## PROBLEM STATEMENT:
A line belongs in the answer only if it contains the word "India"; copy every such line from the listing below.

● ● ● ●

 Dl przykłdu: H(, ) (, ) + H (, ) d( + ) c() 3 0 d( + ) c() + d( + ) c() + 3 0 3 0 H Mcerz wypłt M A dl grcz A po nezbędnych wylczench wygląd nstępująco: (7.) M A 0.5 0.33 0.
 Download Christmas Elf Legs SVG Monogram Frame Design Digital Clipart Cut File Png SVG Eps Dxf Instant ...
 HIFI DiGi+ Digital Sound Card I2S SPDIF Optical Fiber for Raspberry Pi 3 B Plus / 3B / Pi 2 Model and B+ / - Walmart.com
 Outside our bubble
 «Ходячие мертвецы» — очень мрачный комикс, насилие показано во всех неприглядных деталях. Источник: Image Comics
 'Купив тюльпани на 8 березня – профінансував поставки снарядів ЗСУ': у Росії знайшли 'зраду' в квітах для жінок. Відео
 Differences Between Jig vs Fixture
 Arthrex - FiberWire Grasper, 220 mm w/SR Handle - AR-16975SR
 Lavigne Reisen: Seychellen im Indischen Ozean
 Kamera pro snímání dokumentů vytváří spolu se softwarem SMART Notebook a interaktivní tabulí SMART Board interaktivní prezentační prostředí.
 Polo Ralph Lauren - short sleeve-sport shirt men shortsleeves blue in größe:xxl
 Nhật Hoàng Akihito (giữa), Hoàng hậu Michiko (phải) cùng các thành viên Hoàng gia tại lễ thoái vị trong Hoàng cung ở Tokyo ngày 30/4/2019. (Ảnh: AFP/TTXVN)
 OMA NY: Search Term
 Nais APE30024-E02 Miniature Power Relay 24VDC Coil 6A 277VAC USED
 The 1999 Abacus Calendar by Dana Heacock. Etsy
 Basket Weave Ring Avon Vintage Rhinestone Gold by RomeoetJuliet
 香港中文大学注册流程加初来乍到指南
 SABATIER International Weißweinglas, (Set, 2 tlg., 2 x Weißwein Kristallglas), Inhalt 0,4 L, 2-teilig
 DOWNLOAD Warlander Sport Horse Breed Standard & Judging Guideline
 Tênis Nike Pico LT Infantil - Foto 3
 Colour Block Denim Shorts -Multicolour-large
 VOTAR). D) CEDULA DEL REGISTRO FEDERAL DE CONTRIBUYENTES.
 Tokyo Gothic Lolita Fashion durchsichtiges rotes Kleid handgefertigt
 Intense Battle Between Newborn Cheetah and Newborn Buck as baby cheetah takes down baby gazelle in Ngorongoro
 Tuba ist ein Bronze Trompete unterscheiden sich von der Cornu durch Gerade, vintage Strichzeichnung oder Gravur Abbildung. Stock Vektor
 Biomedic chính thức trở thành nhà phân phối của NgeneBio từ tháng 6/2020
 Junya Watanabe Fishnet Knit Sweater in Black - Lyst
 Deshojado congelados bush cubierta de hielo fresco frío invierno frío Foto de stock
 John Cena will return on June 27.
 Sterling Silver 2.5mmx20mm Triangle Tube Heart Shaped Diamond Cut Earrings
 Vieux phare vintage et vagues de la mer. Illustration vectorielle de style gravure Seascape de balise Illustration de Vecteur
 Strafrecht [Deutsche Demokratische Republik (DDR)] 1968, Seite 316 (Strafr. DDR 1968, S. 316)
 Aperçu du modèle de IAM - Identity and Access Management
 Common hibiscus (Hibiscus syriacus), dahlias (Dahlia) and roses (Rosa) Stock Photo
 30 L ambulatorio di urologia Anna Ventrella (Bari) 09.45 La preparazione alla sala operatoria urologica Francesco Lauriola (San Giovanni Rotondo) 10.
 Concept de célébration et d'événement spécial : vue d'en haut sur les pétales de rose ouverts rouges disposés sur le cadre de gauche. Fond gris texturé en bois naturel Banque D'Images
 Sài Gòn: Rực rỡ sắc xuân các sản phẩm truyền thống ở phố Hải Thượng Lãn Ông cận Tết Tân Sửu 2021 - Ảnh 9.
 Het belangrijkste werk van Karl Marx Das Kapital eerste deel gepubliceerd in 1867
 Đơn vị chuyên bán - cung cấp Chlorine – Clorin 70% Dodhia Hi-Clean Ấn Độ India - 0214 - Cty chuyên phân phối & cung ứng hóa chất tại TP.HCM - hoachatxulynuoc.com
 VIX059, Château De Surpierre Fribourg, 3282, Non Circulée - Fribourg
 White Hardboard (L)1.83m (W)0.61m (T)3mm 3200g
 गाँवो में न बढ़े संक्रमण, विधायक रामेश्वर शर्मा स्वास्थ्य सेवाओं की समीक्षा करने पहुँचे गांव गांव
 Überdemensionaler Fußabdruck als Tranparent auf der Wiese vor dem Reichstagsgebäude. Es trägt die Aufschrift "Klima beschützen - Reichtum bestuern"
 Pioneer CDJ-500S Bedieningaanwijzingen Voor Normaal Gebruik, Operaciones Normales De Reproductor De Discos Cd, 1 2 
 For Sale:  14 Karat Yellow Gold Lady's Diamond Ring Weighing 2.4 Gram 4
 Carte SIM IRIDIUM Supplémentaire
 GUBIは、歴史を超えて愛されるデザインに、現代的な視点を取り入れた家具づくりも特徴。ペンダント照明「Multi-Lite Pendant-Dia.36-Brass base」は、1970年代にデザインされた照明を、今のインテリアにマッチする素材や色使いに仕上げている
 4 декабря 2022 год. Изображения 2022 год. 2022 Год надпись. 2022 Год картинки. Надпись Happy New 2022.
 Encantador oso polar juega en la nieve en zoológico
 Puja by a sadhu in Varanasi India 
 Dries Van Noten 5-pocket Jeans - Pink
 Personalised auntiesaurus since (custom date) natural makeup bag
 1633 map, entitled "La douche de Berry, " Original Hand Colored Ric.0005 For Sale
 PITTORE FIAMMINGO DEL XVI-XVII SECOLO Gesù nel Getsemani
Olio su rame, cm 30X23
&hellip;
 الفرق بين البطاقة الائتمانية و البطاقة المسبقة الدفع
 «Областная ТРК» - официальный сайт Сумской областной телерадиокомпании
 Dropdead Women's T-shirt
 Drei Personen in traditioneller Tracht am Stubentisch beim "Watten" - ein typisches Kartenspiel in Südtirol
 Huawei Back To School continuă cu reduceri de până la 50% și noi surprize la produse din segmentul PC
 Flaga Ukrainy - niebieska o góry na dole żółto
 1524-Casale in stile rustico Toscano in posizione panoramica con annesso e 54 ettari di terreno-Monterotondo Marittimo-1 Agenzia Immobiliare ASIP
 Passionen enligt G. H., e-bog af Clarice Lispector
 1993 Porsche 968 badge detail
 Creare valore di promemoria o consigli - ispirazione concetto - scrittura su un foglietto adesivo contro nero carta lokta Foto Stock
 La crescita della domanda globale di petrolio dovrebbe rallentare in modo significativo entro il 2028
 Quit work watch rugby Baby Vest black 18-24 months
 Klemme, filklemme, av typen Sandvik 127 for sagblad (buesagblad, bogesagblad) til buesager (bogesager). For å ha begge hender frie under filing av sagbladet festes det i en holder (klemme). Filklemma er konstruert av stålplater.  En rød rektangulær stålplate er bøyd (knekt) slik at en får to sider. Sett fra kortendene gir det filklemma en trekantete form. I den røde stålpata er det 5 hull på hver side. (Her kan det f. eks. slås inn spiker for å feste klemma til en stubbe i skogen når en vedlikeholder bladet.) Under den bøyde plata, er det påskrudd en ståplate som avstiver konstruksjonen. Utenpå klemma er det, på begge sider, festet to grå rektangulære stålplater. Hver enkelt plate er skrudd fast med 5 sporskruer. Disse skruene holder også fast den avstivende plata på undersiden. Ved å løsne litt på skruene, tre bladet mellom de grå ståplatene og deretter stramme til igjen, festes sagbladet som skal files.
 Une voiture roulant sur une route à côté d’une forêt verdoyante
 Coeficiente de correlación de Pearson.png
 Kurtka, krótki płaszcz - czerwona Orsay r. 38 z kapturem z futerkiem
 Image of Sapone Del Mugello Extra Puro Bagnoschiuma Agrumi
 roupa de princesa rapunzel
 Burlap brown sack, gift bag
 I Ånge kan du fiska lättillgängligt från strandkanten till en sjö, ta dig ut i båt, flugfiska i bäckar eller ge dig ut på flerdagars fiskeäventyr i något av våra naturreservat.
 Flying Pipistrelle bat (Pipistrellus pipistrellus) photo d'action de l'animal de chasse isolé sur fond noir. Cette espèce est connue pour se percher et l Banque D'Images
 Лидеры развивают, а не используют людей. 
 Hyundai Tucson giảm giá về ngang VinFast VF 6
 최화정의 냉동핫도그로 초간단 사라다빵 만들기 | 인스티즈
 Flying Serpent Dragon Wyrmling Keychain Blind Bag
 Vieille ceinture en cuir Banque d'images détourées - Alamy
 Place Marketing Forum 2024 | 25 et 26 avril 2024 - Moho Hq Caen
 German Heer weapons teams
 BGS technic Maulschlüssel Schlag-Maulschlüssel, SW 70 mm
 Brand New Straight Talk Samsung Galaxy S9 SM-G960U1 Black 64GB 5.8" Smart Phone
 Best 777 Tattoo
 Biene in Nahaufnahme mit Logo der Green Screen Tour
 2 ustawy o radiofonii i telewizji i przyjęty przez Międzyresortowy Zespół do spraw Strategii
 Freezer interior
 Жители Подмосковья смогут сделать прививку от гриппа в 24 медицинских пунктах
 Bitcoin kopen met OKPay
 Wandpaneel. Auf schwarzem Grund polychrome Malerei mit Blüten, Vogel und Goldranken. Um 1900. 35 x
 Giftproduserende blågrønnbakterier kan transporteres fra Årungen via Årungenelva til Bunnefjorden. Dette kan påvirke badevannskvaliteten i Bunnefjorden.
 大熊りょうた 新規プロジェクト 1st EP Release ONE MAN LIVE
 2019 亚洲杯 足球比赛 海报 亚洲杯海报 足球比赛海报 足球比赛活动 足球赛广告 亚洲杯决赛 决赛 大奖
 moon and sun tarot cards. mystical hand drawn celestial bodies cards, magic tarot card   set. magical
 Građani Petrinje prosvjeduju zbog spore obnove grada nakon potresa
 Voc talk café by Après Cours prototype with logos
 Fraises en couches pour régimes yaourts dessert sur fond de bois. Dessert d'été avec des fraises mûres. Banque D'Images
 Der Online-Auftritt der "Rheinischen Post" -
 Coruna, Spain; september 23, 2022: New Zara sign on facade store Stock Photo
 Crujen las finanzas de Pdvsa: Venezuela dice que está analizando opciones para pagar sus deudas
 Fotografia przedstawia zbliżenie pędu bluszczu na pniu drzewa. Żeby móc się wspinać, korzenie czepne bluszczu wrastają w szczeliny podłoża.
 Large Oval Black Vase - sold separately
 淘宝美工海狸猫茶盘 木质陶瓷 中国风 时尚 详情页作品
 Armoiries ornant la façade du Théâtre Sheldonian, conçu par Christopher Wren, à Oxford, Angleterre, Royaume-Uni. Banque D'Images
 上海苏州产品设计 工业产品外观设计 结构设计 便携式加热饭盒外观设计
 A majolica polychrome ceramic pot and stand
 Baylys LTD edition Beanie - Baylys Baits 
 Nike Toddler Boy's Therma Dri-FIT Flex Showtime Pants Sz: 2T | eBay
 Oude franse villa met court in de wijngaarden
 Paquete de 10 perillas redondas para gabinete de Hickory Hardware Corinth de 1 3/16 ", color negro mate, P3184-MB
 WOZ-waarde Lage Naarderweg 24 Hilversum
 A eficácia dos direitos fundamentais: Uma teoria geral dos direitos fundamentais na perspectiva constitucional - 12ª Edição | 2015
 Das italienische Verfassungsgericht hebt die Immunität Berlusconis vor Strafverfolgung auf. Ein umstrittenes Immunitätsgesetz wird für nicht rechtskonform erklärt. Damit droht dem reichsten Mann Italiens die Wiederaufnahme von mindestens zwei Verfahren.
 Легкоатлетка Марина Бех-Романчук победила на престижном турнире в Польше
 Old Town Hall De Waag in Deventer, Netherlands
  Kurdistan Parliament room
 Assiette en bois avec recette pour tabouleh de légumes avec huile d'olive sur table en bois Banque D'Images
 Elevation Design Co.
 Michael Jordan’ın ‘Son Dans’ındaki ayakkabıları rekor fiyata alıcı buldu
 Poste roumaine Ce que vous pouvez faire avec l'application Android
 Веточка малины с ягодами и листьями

● ● ● ●

## OUTPUT BELOW:
 Đơn vị chuyên bán - cung cấp Chlorine – Clorin 70% Dodhia Hi-Clean Ấn Độ India - 0214 - Cty chuyên phân phối & cung ứng hóa chất tại TP.HCM - hoachatxulynuoc.com
 Puja by a sadhu in Varanasi India 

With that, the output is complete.